The aptitude of commercial yeast strains for lowering the ethanol content of wine

Vladimir S Puškaš 1, Uroš D Miljić 1,, Jovana J Djuran 1, Vesna M Vučurović 1
PMCID: PMC7063342  PMID: 32180958

Abstract

The high alcohol content in wine usually has a negative impact on its sensory properties, but can also affect the general health of the consumers. The possibility to reduce ethanol production in wines during fermentation involves the use of different yeast strains characterized by the increased production of fermentation by‐products (glycerol, 2,3‐butanediol, etc.) from the available sugar. The activity of these strains should not impair the sensory properties of the wine. In general, the use of genetically and evolutionarily (non‐GM) engineered Saccharomyces cerevisiae strains is still not close enough to commercial application, and therefore, it is unavailable for wine producers. Thus, the aim of this study was to examine the possibility of reducing the production of ethanol in wines using different selected yeast strains (S. cerevisiae, Saccharomyces bayanus, Torulaspora delbrueckii, and Metschnikowia pulcherrima) available at the market. The application of individual yeast and sequential inoculation for wine alcoholic fermentation was examined. The achieved effects were evaluated by determining the content of ethanol, as well as fermentation by‐products (glycerol and volatile acids) and aromatic components in wine samples. Depending on the strain/s used, a decrease in ethanol content of up to 0.9% v/v was recorded in comparison with fermentation by S. cerevisiae alone. The sensory analysis of produced wine showed significant differences in taste and flavor. The results of the experiment conducted at the laboratory level and with the use of sterile must were compared to the ones from the scale‐up experiment in real vinification conditions. The observed differences in the alcohol content of produced wines were significantly lower.

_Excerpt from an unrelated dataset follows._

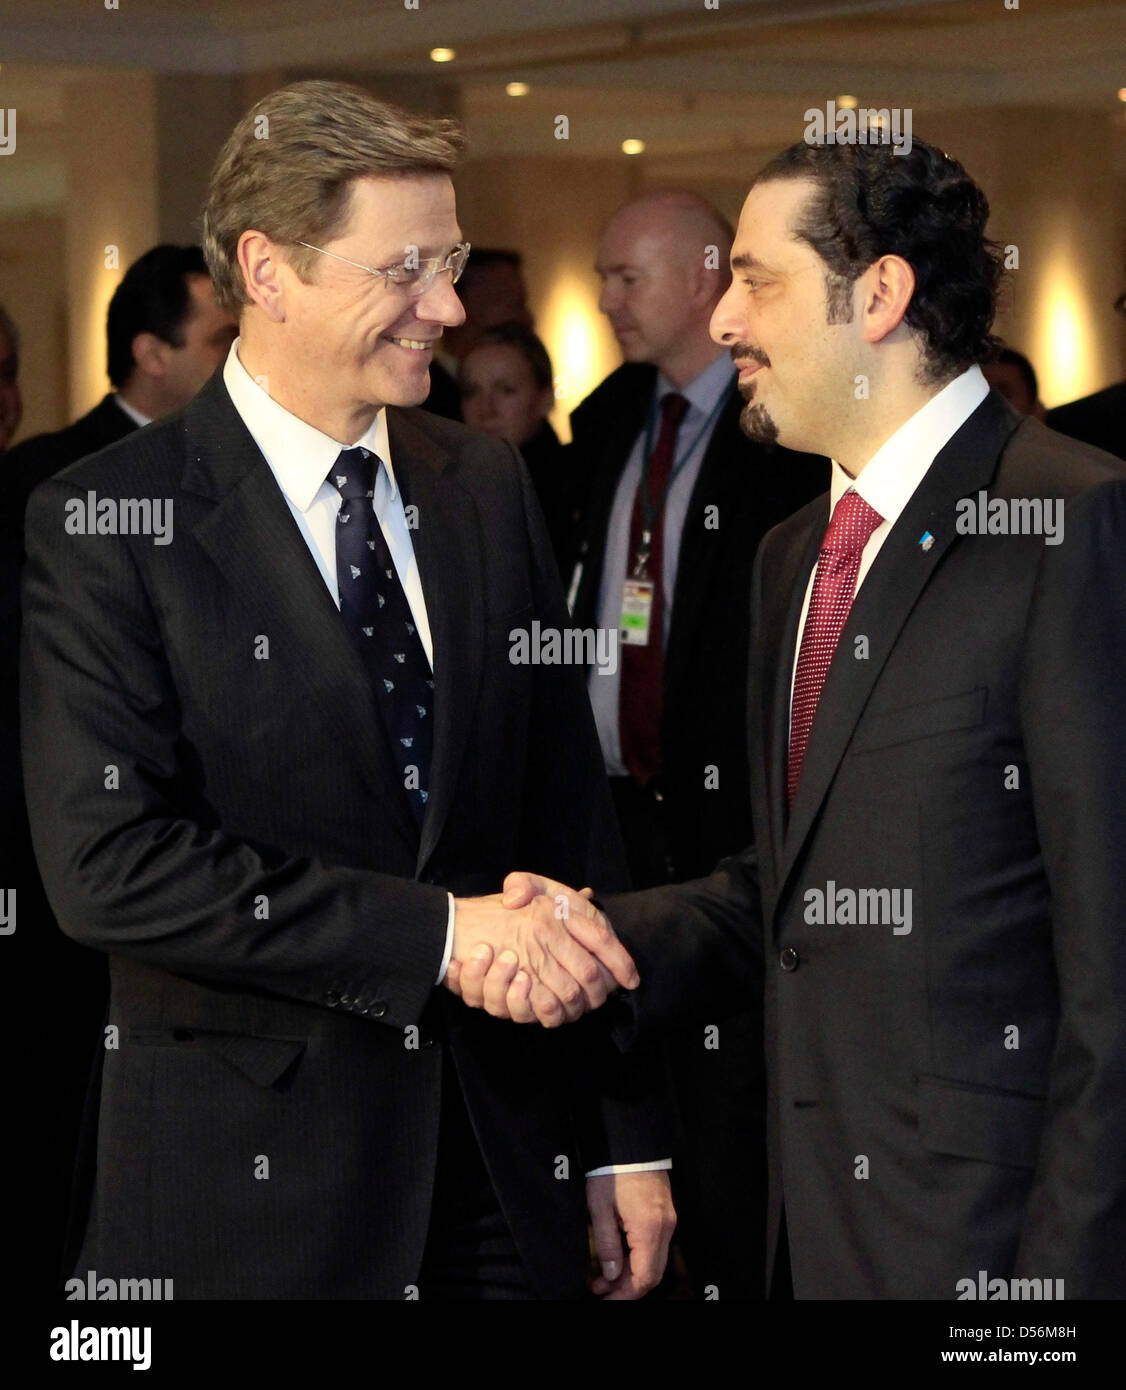 Libanesische Ministerpräsident Saad al-Hariri (R) begrüßt der deutsche Außenminister Guido Westerwelle zu bilateralen Gesprächen im Berliner Adlon Hotel, Deutschland, 15. März 2010. Foto: FABRIZIO BENSCH/REUTERS POOL Stockfoto
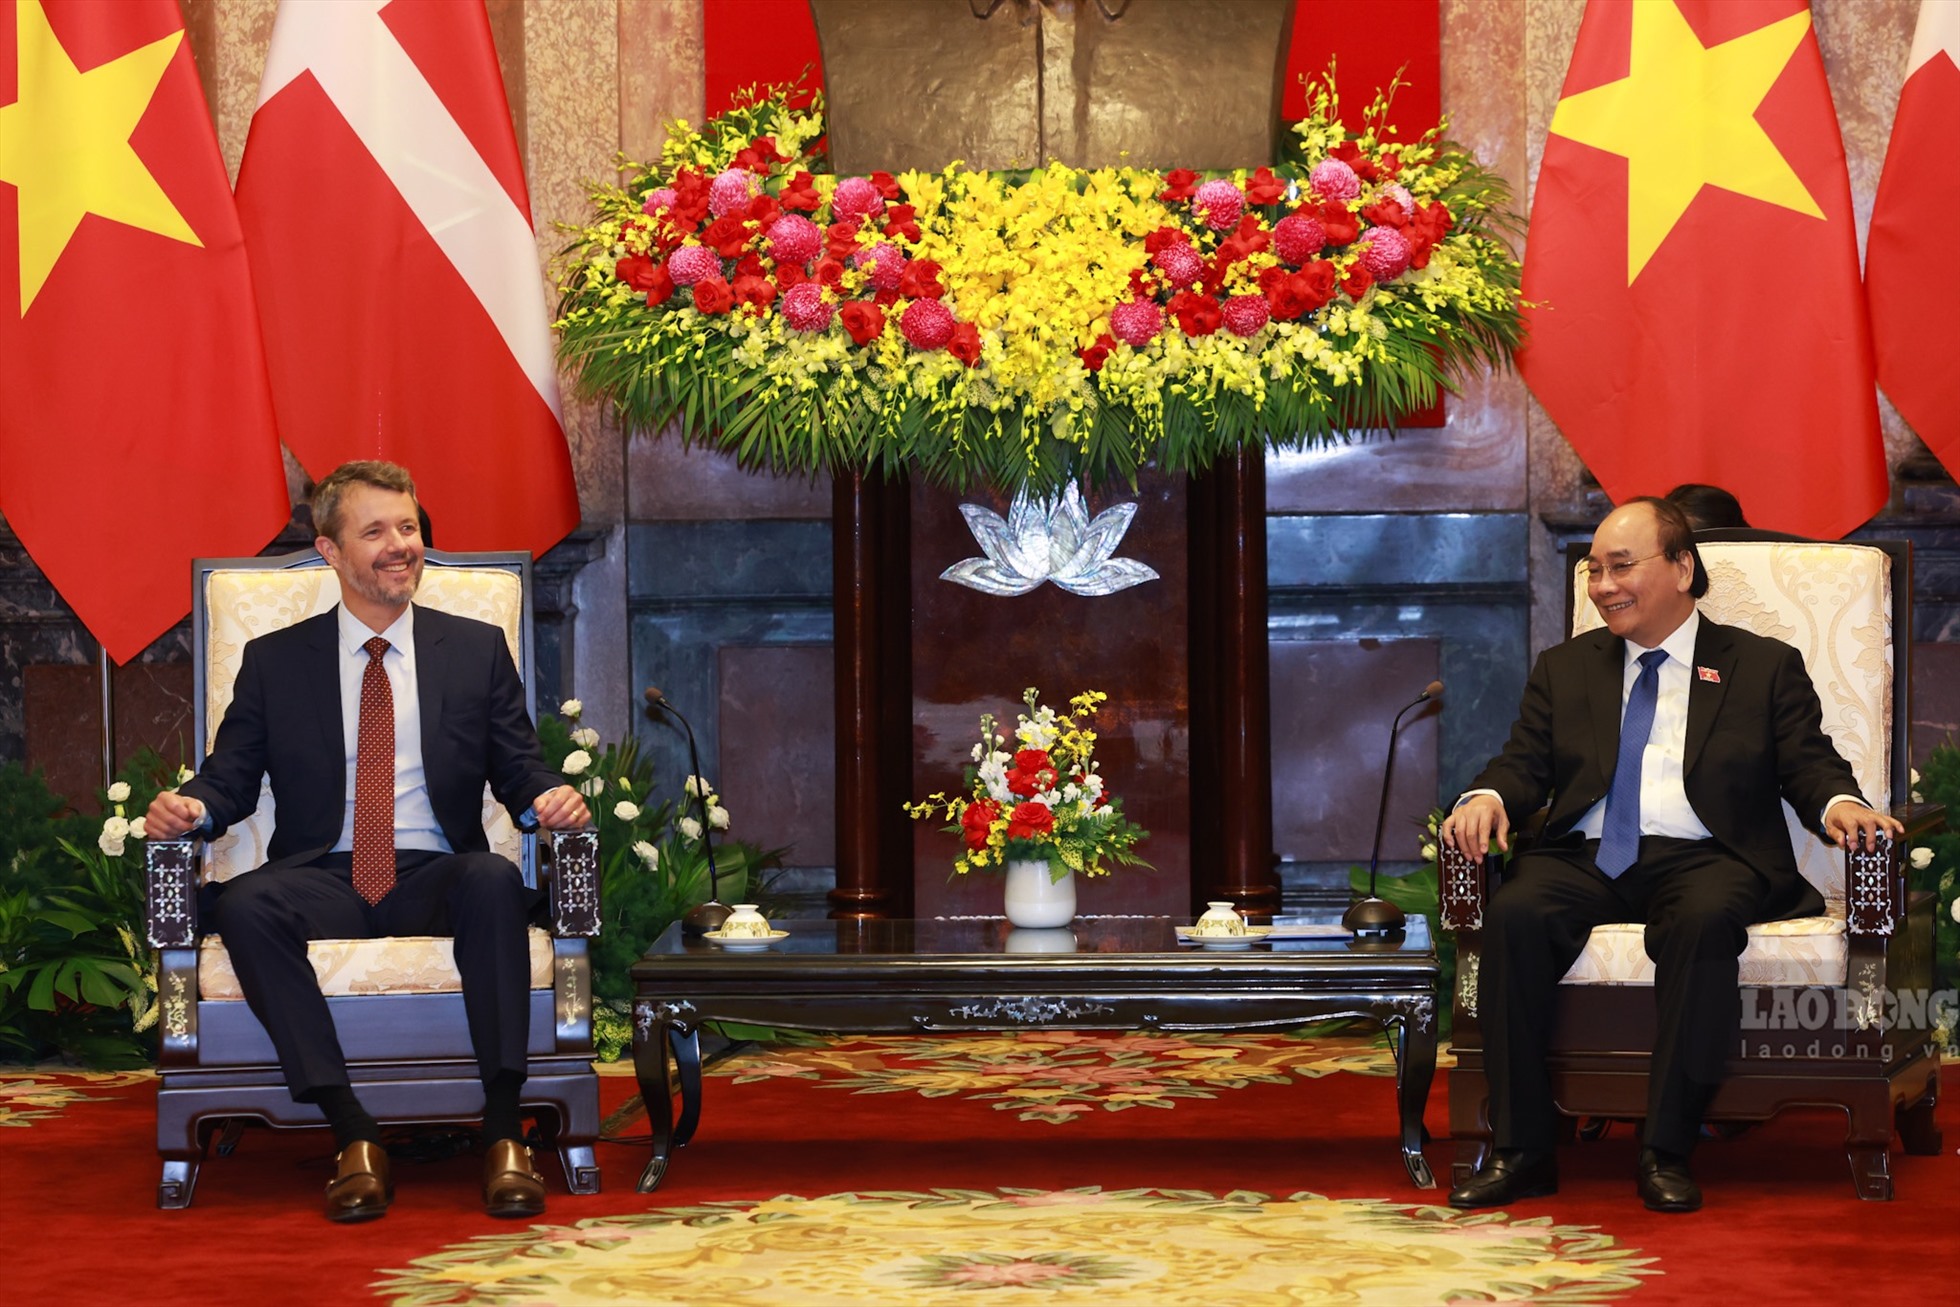 Ông duy trì các hoạt động ngoại giao sau đó như tới thăm Việt Nam vào dịp 40 năm kỷ niệm quan hệ hai nước, chúc mừng các dịp Quốc khánh 2.9 của Việt Nam. Ảnh: Hải Nguyễn

Keywords: commercial yeast strains, global warming, lower‐alcohol wines, sequential inoculation

From the standpoint of consumers, high alcohol content has a negative impact on the sensory properties and human health. The aim of this study was to examine the possibility of reducing the production of ethanol in wines using different selected yeast strains (Saccharomyces cerevisiae, Saccharomyces bayanus, Torulaspora delbrueckii, and Metschnikowia pulcherrima) available at the market.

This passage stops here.